I had become unusually voluble and a little emotional, too. I’d never been particularly nostalgic about family history and had little knowledge of all but the lowest branches of the family tree, but wasn’t this interesting? Our family heritage, our small role in history. Terence Petersen had fought in El Alamein, in Normandy too. As our only child, Albie would inherit his campaign medals. Shouldn’t he at least acknowledge their significance and the sacrifice of his forebears? Yet Albie seemed primarily interested in checking the signal on his mobile phone. My own father, had I behaved like this, would have knocked it out of my hand.

‘Perhaps I should have gone there anyway,’ I continued. ‘Perhaps we should all have gone. Got off at Brussels and hired a car. Why didn’t I think of this before?’

‘We’ll go some other time,’ said Connie, who had closed her book now and was watching me with some concern. ‘Would anyone like some coffee?’

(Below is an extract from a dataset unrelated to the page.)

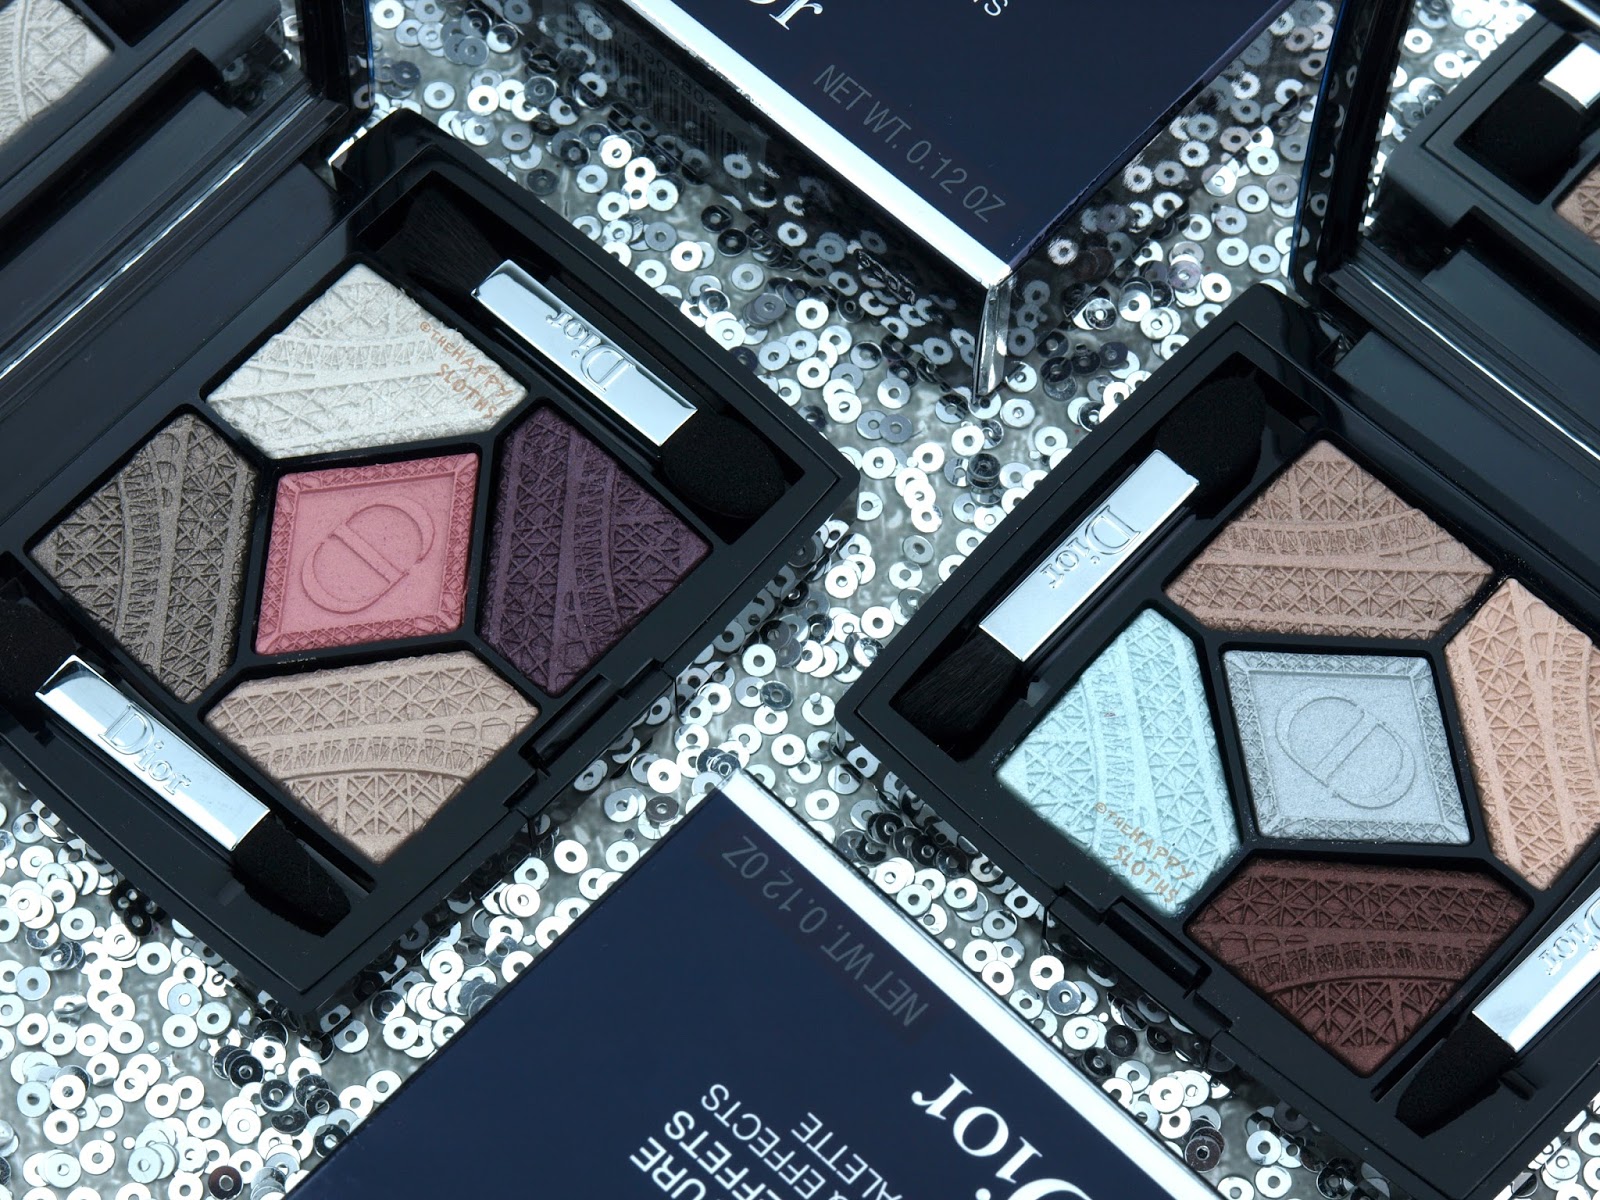 Dior Fall 2014 5 Couleurs Collection Review – The Pink Millennial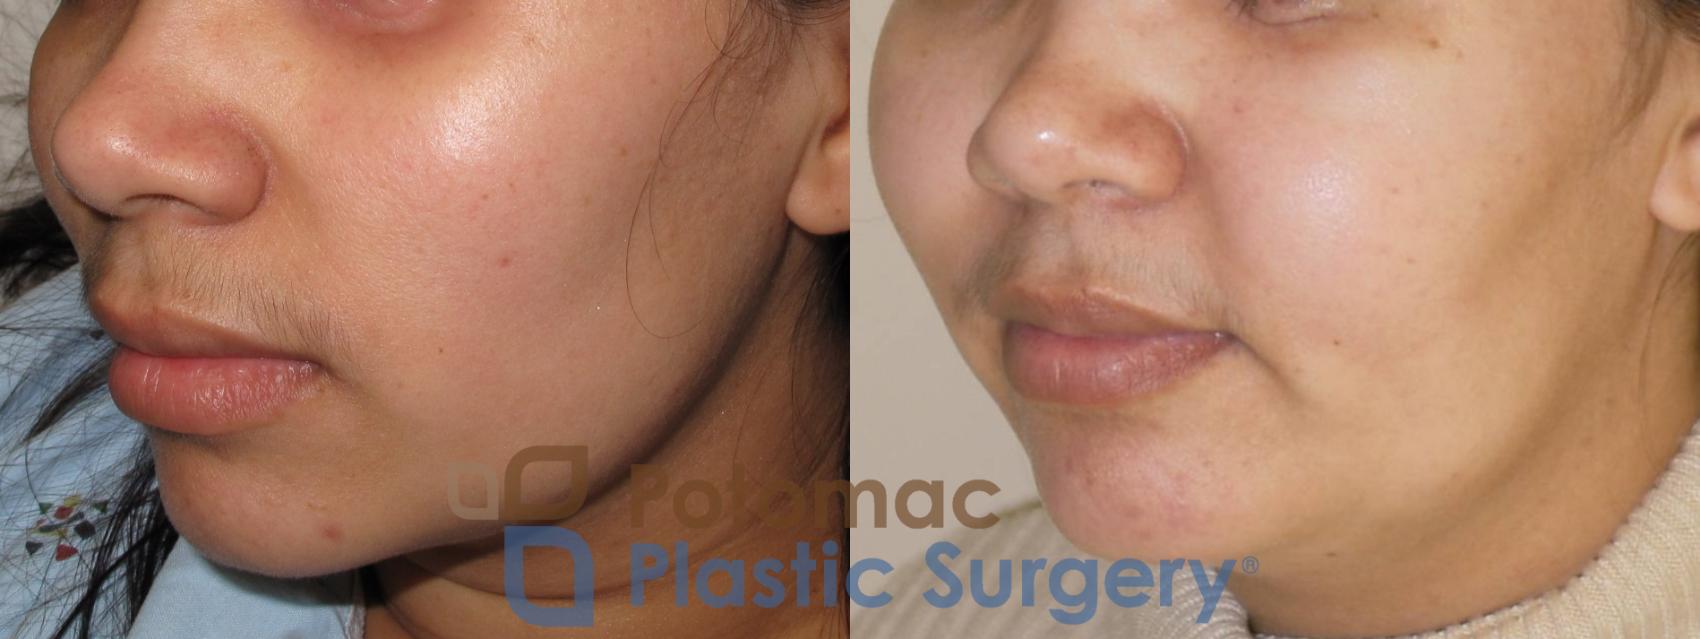 Cheek Augmentation With Silicone Implant And Fat Transfer To Balance The Face Of A Young Woman

But I had heard the distant rumble of an argument and now wanted the storm to break. ‘Would you be interested in that, Egg? Would you want to come along?’ I knew that he would not, but I wanted to hear him say it.

He shrugged. ‘Maybe.’

‘You don’t seem very interested.’

He ruffled his hair with both hands. ‘It’s history. I never knew anyone involved.’

‘Nor did I, but still …’

‘Waterloo is over there, the Somme is back in that direction; we probably had Petersens there, Moores too.’

‘It was my grandfather.’

‘But you said yourself, you never even knew him. I don’t even remember granddad. I’m sorry, but I can’t make an emotional connection to stuff that happened all that time ago.’

Emotional connection, what an idiotic phrase. ‘It was only seventy years, Albie. Two generations ago there were Nazis in Paris and Amsterdam. Albie’s a very Jewish-sounding name—’

‘Okay, this is a very gloomy conversation,’ said Connie, unnaturally bright. ‘Who wants coffee?’